If you follow this structure for each of the decomposed components you want to manage separately with Terraform then they only need to agree on the environment names, and then (assuming you’ve constructed the object names consistently throughout, or used a separate shared data-only module to do centralize that) you’d apply the objects for a particular environment by switching into that directory and running Terraform in the usual way:

# (log in to Azure CLI, or get your credentials
# configured in some other suitable way.)
cd environments/prod
terraform init
terraform apply
1 Like

OK, I see where you were going with this now. I was viewing this through our current process (i.e. all setup in a release pipeline so things deploy to whatever environment is set in the terraform.workspace (e.g. dev, test or prod) and which branch the PR is made to). This logic here that you are suggesting would require us to make a bunch of changes for one minor process improvement.

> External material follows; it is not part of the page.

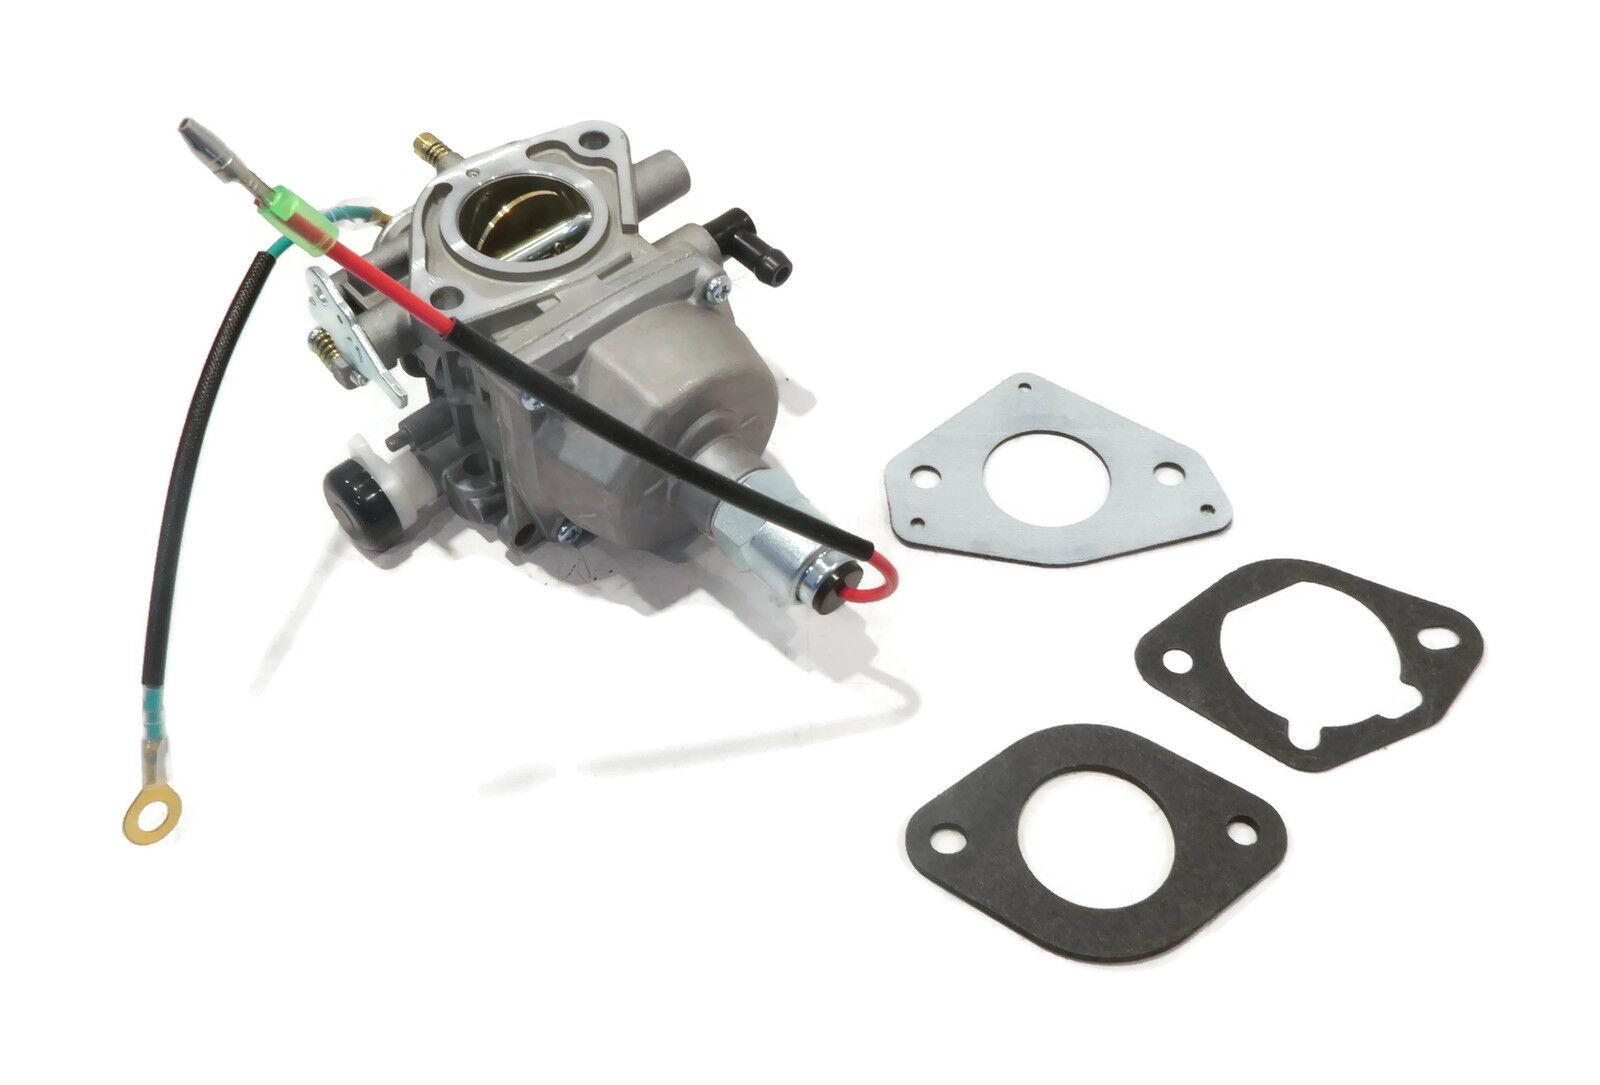 Cocheburador Cocheburador se Ajusta Kohler Motor SV740-0011 SV740-0012 SV740-0013 SV740-0014

I’ll roll up my sleeves and play around with this but perhaps may just be cleaner to execute a script in the pipeline I’m thinking at this point.

I really do appreciate your perspective, feedback and assistance @apparentlymart!

If you are using terraform.workspace to represent environments then you can indeed use that in place of var.environment in my examples, and then use the workspace switching features to get a similar result with only a single configuration.

I didn’t recommend that here because in my experience it’s typically been a requirement for folks to use an entirely separate backend configuration for each environment, which workspaces are not designed to allow. There are more details on the relevant tradeoffs in When to use Multiple Workspaces; if you review those tradeoffs and decide that workspaces meet all of your needs then you can by all means use them!